──────── Information provided ────────
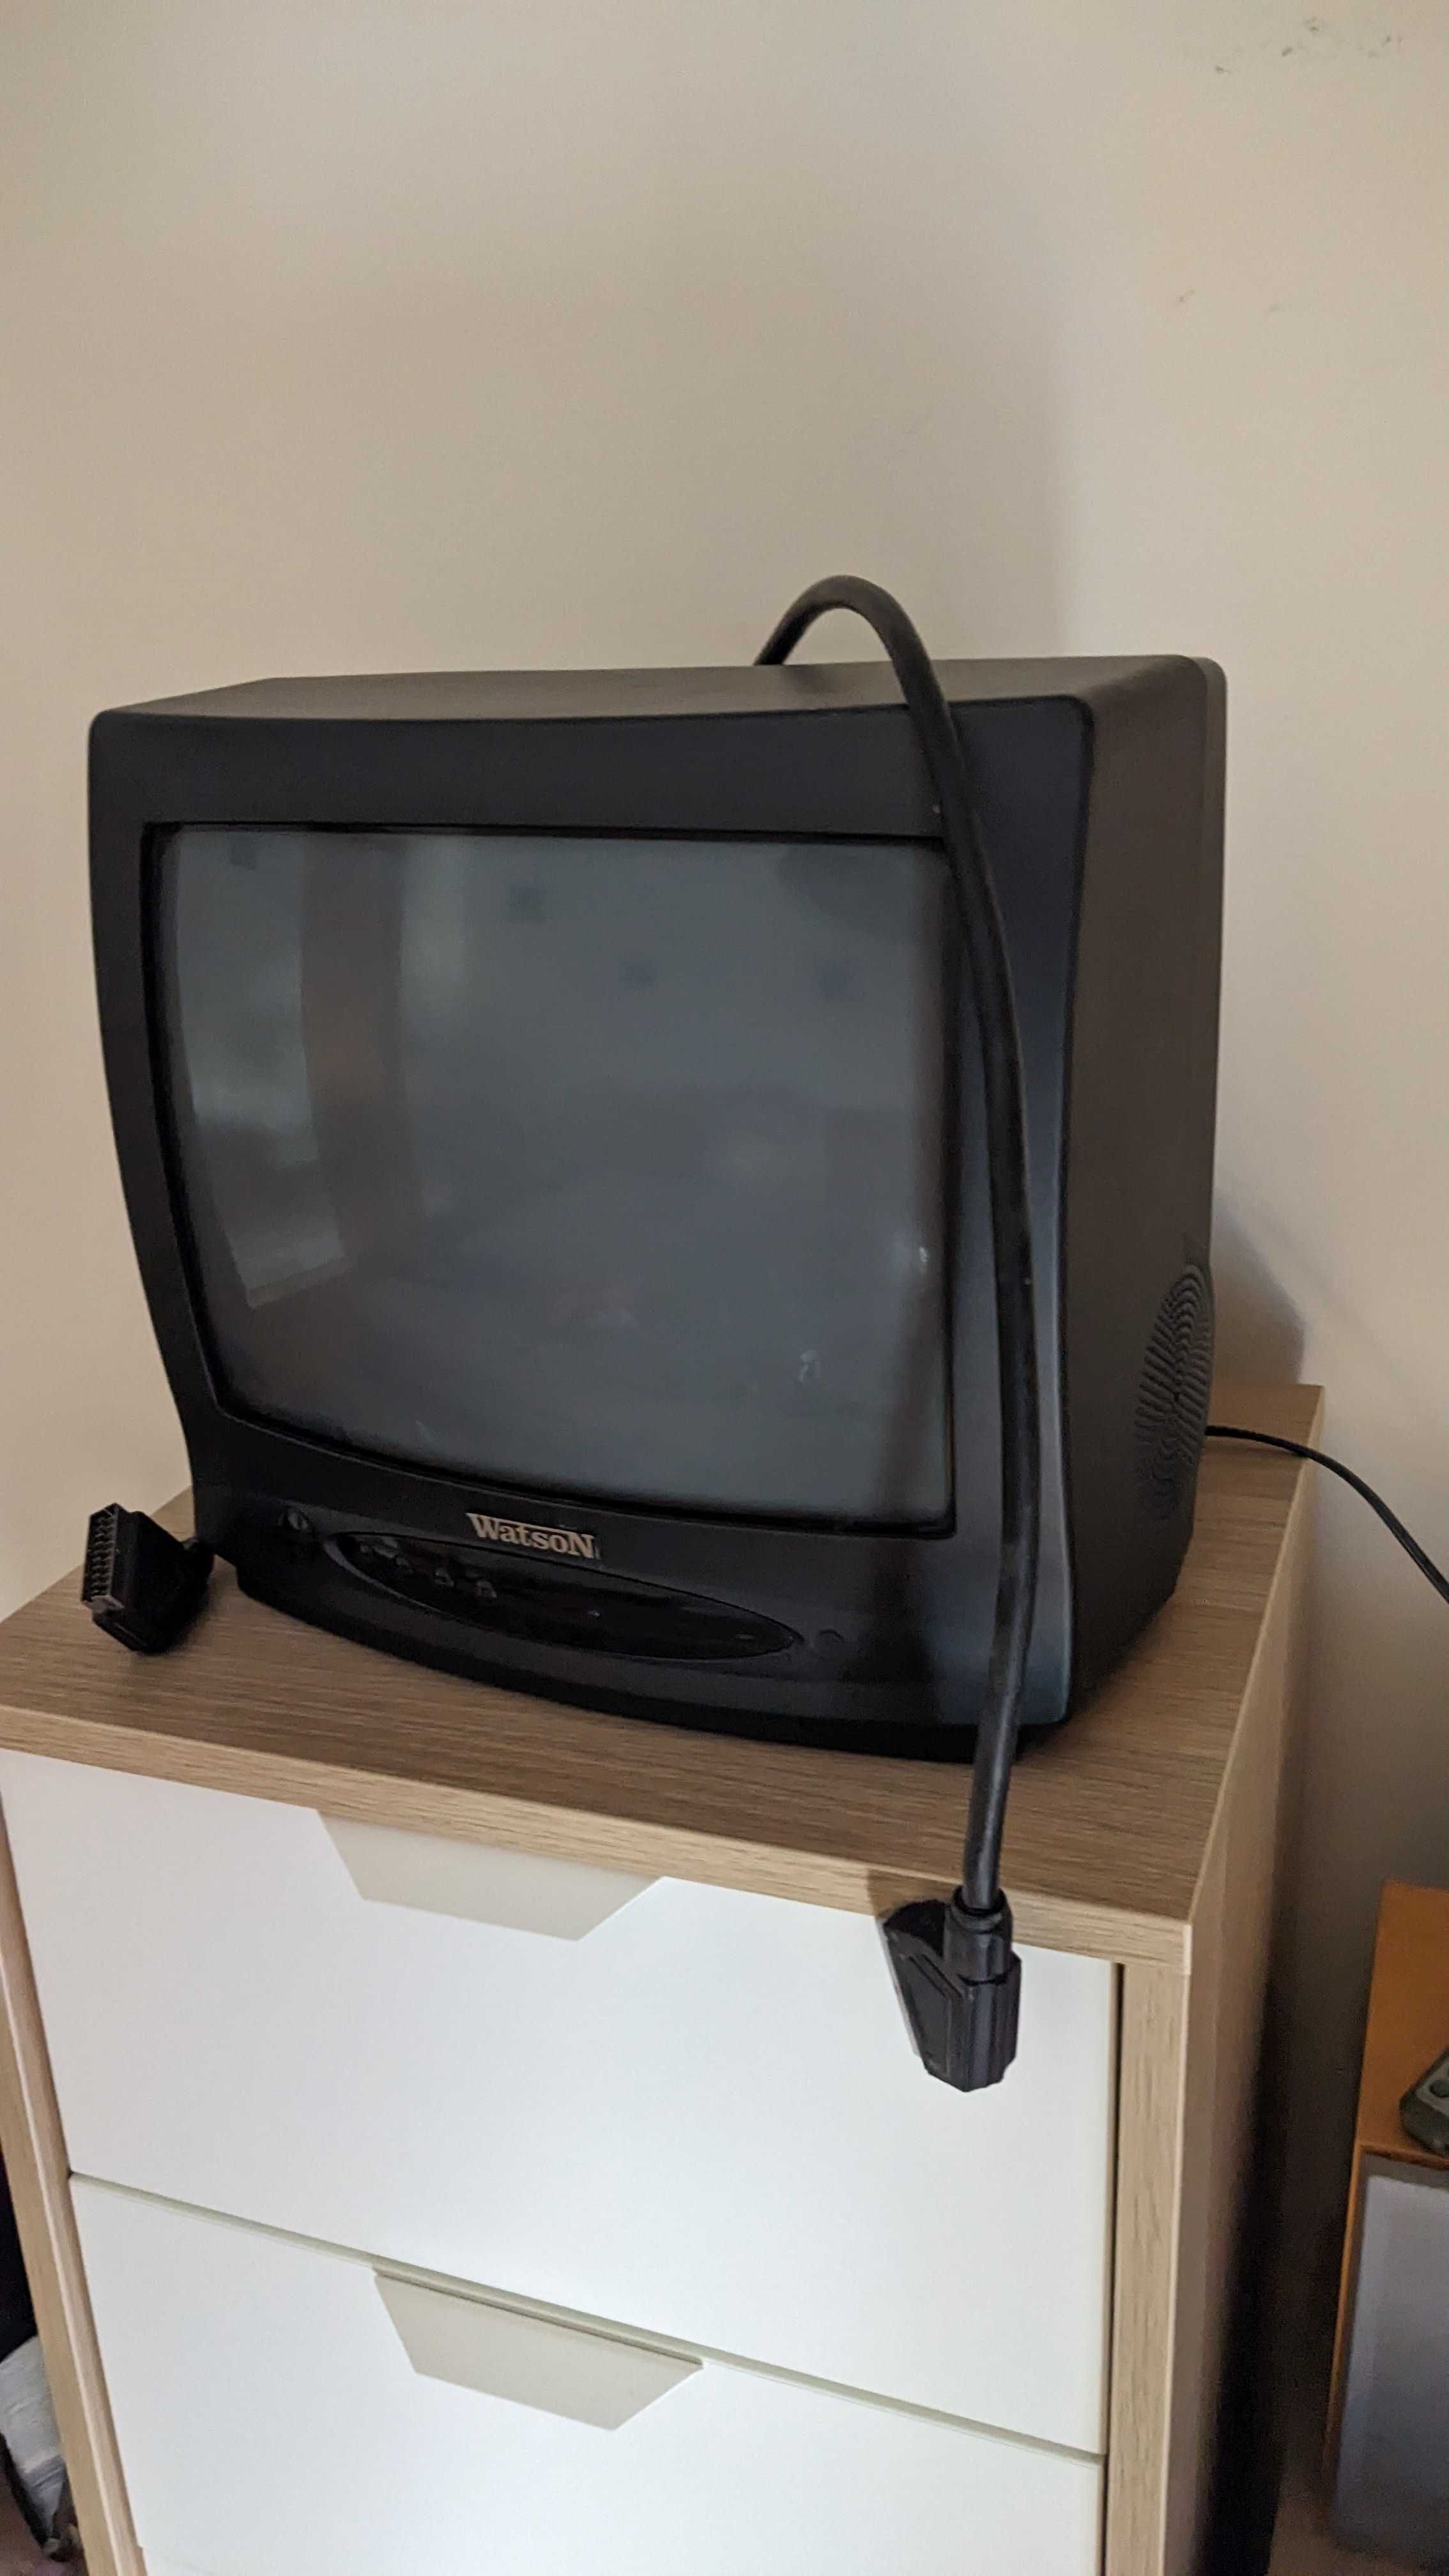 2 televisores pequenos de caixa
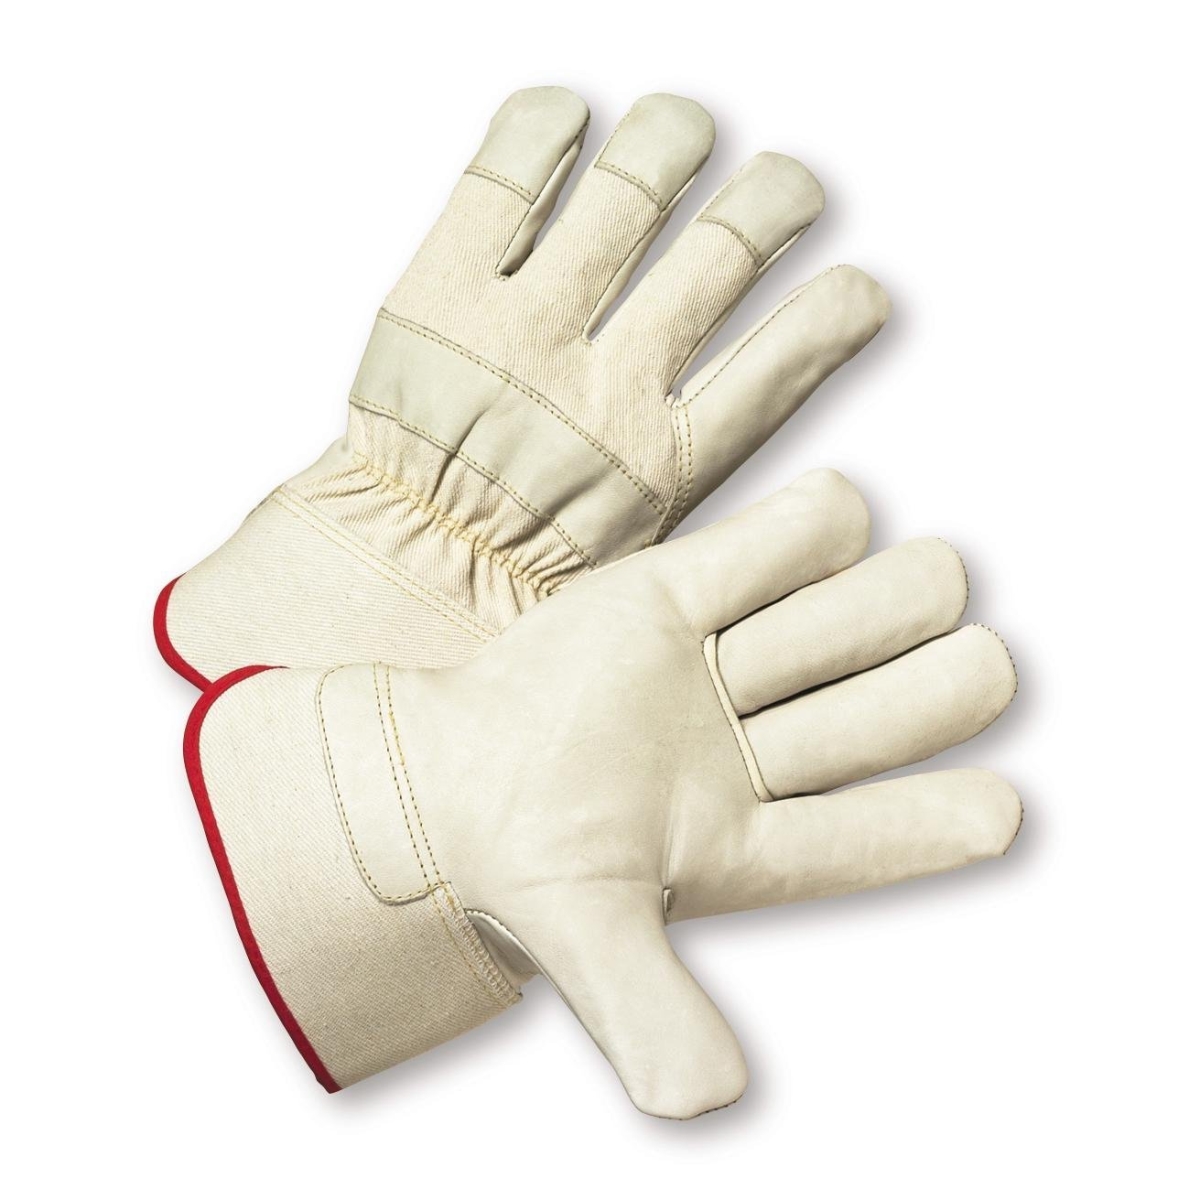 813-5000-l Premium Grain Cowhide Palm Rubberized Cuff Gloves - Large
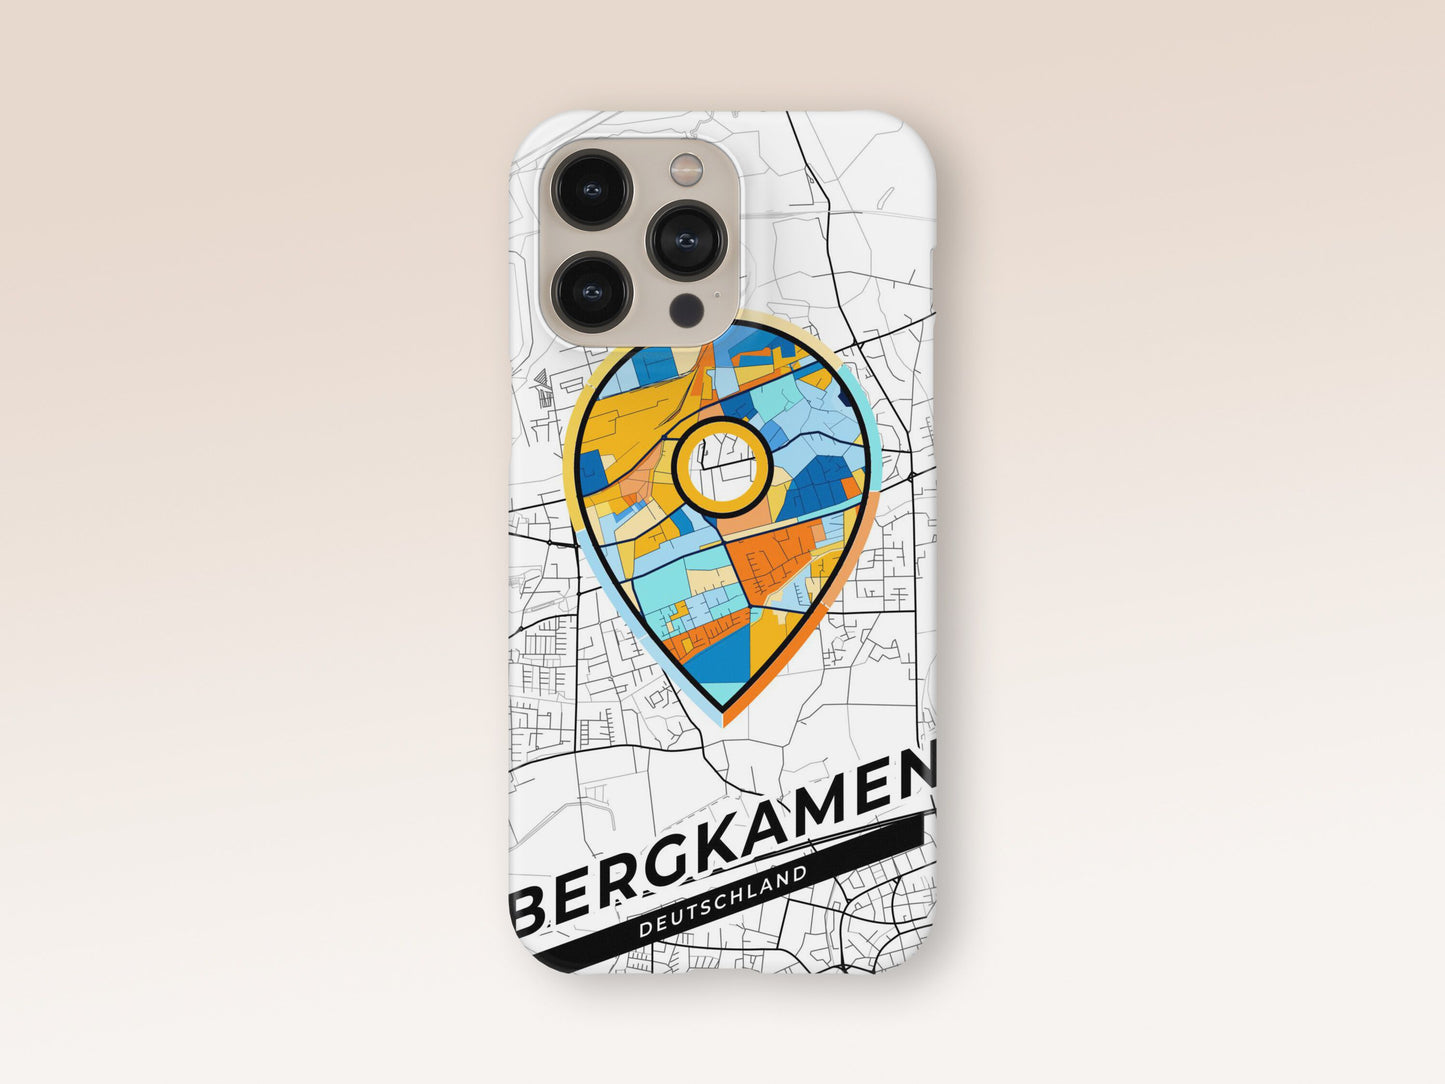 Bergkamen Deutschland slim phone case with colorful icon. Birthday, wedding or housewarming gift. Couple match cases. 1
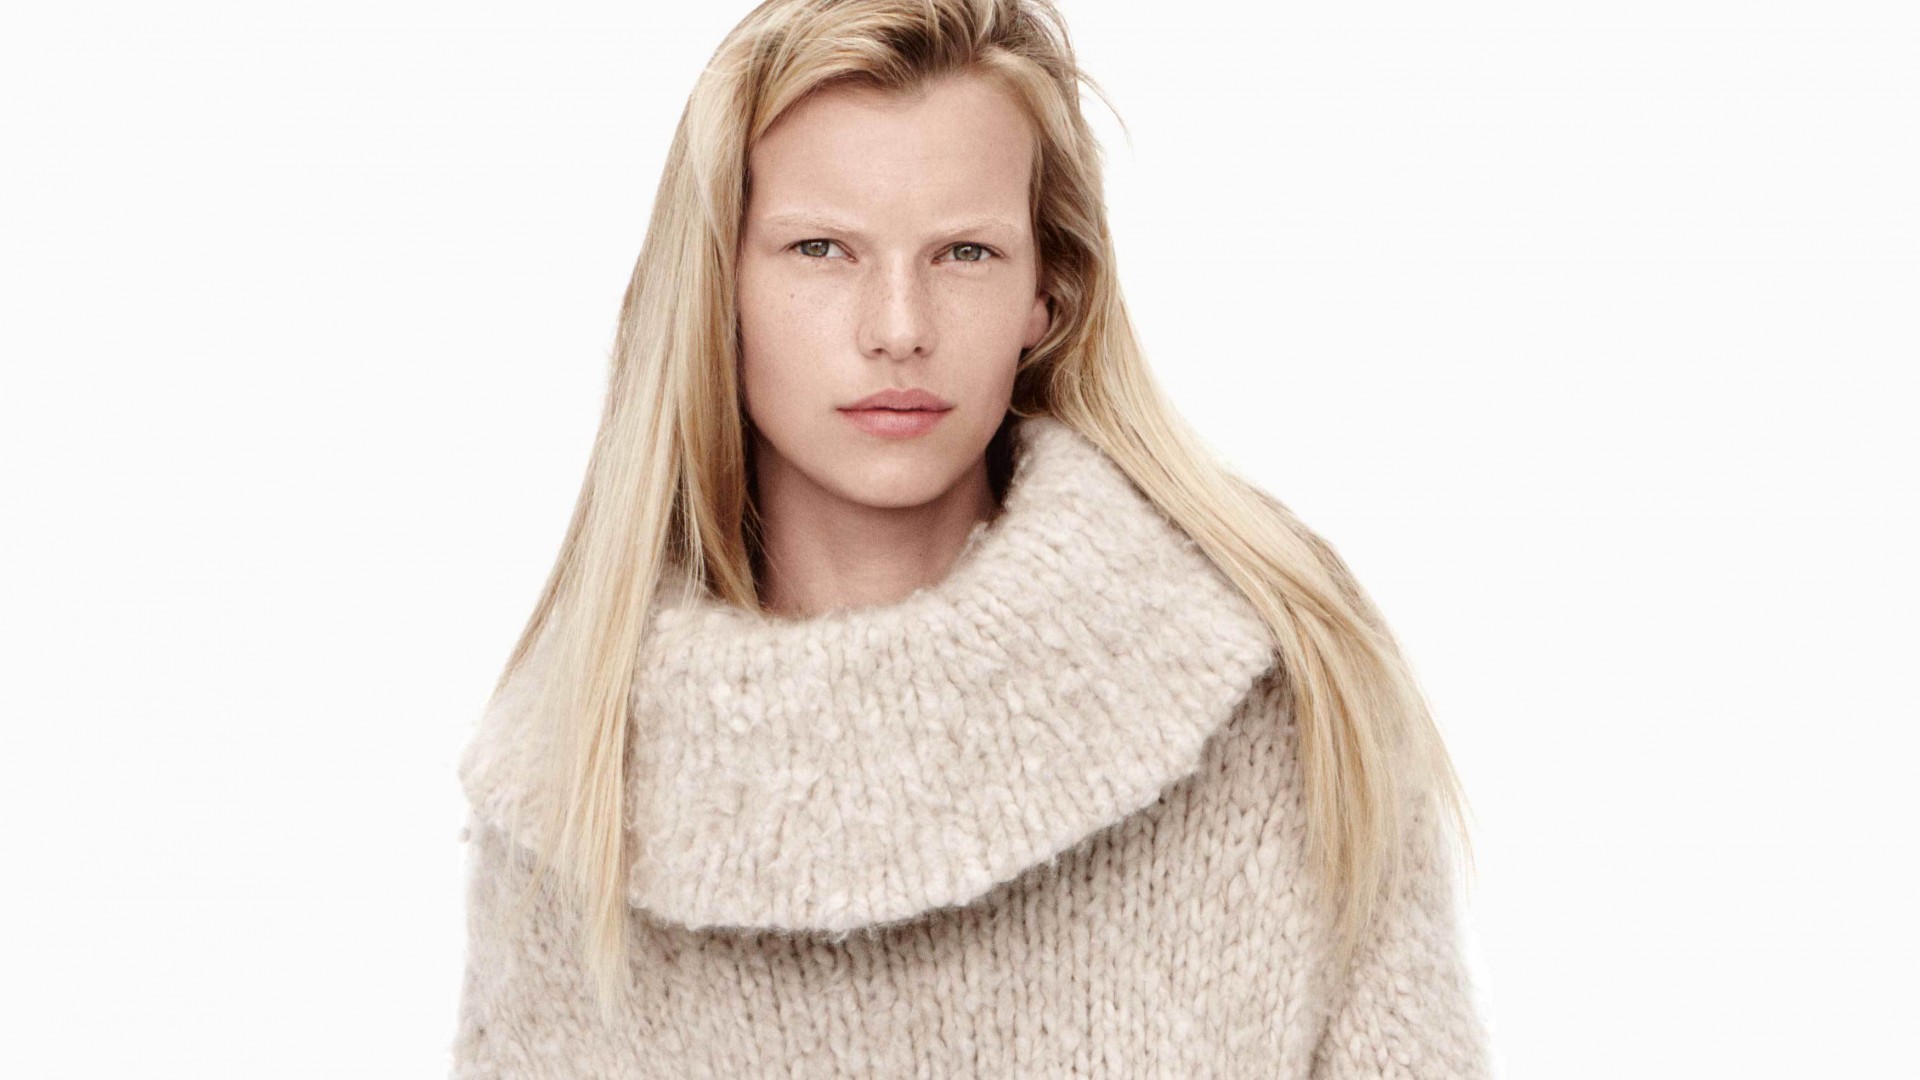 Лина Берг, модель, весна, взгляд, белый фон, Lina Berg, model, spring 2015 top models, blonde, look, white background (horizontal)
────────
# What is needed
The whole listing, pictures excluded, should be output exactly.

# Response
 2 televisores pequenos de caixa
 813-5000-l Premium Grain Cowhide Palm Rubberized Cuff Gloves - Large
 Bergkamen Deutschland slim phone case with colorful icon. Birthday, wedding or housewarming gift. Couple match cases. 1
 Лина Берг, модель, весна, взгляд, белый фон, Lina Berg, model, spring 2015 top models, blonde, look, white background (horizontal)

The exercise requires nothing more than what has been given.